Photo by Justin Sullivan | Getty Images

Will the third time be the charm?

U.S. lottery hopefuls have another shot at two jackpots exceeding $300 million. The Powerball jackpot is currently $385 million, and the Mega Millions, $318 million. It's the third time ever that both have simultaneously been above the $300-million mark.

(Although large, neither of the current prizes is a record-setting amount: For either to land in the top 10 of U.S. jackpots, they would have to surpass the $487 million Powerball claimed by a single ticketholder back in July 2016.)

The next Powerball drawing is at 10:59 p.m. ET on Saturday, and the next Mega Millions drawing is at 11 p.m. ET on Tuesday.

The first time that both games simultaneously had jackpots topping $300 million occurred in August 2017; the second time was in December.

In that most recent run-up, the Mega Millions was the first to pay out its jackpot in early January, with Shane Missler of Florida taking home the $451 million prize.
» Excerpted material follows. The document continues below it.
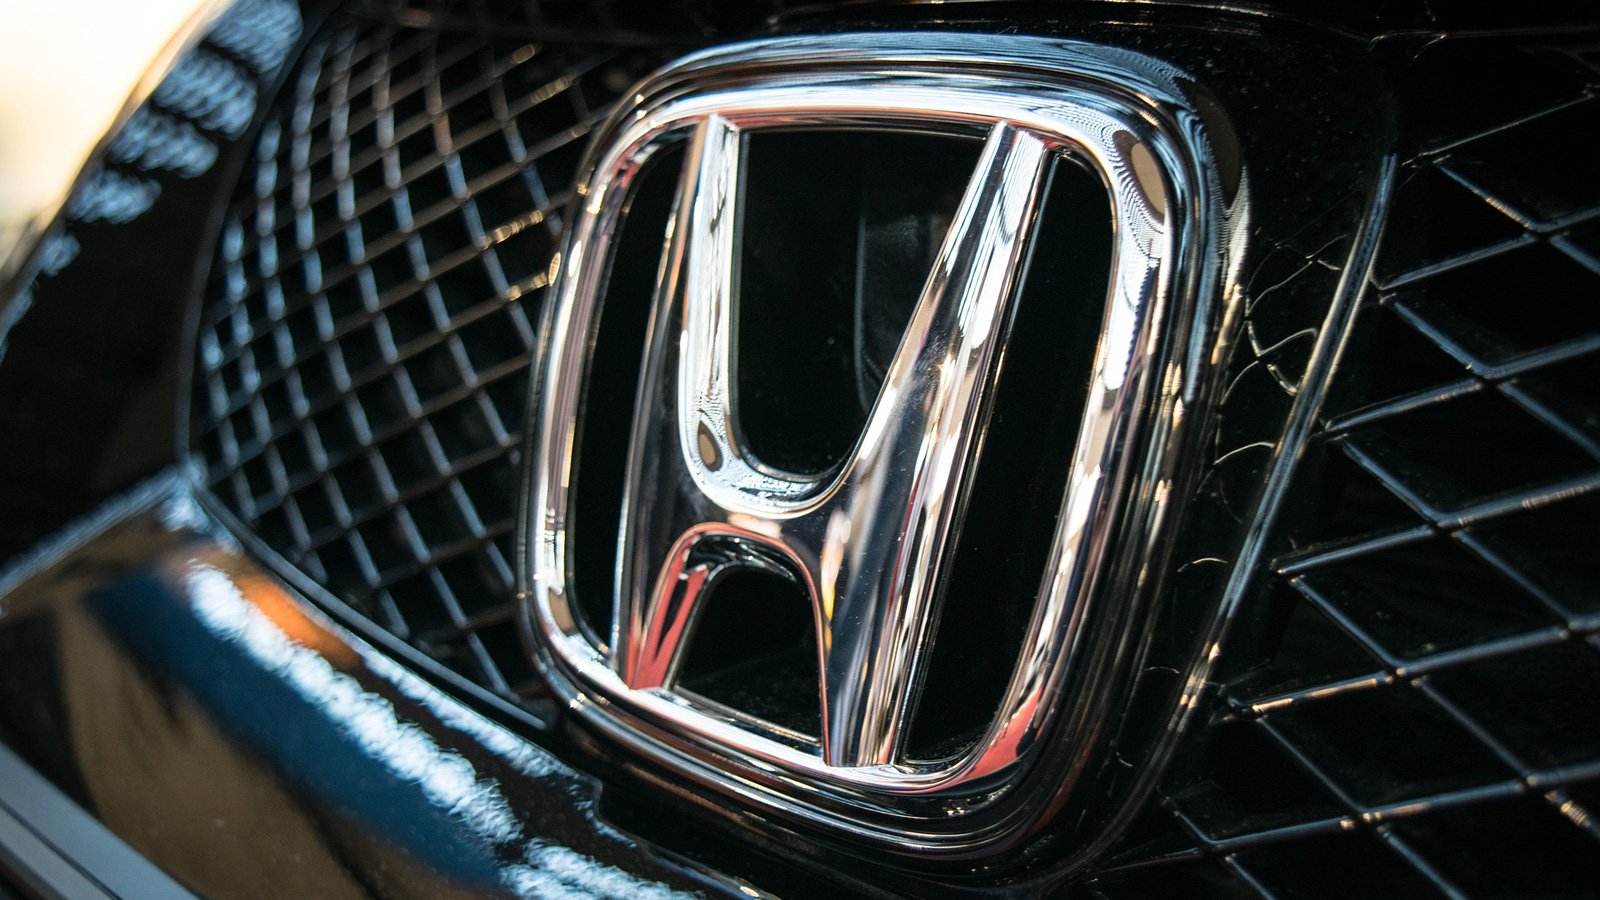 Honda bug lets a hacker unlock and start your car via replay attack

In a recent news release, game officials said the winner claimed the prize as "the trustee of Secret 007, LLC."

The Powerball prize landed a day later, with a lone ticketholder in New Hampshire scoring $559 million. That winner, currently known only as Jane Doe, claimed her after-tax winnings of $274 million via a trust this week. However, a misstep with her handling of the ticket means it's up to a judge whether she can maintain that anonymity.

Her story underscores the importance of getting good advice on claiming prize money – especially if you want to remain anonymous. Most lottery hopefuls say they do.

How investors would handle a multi-million-dollar lottery win

Take the lump sum 74.8% Take the annuity 25.2%
Claim the ticket immediately 43.4% Wait to come forward 56.6%
Consult a lawyer/accountant/financial advisor before claiming 80.1% Claim the ticket with no outside help 19.9%
Remain anonymous 90.7% Step into the spotlight 9.3%
Quit my job immediately 48.1% Keep working 51.9%
Hire a financial advisor 63.6% Manage it myself 36.2%
SOURCE: TD Ameritrade

Tax advice is key, too: That headline prize is misleading. You won't walk away with the full amount. (See infographic below for lottery tax implications.)

Lottery site USAMega.com estimates the federal withholding on the $187 million Mega Millions lump sum would be $46.75 million, and state taxes could knock out an additional maximum amount of $16.5 million (with New York the worst offender).

For the Powerball, those tax tallies for the $229 million cash prize would be $57.25 million and up to $20.2 million, respectively.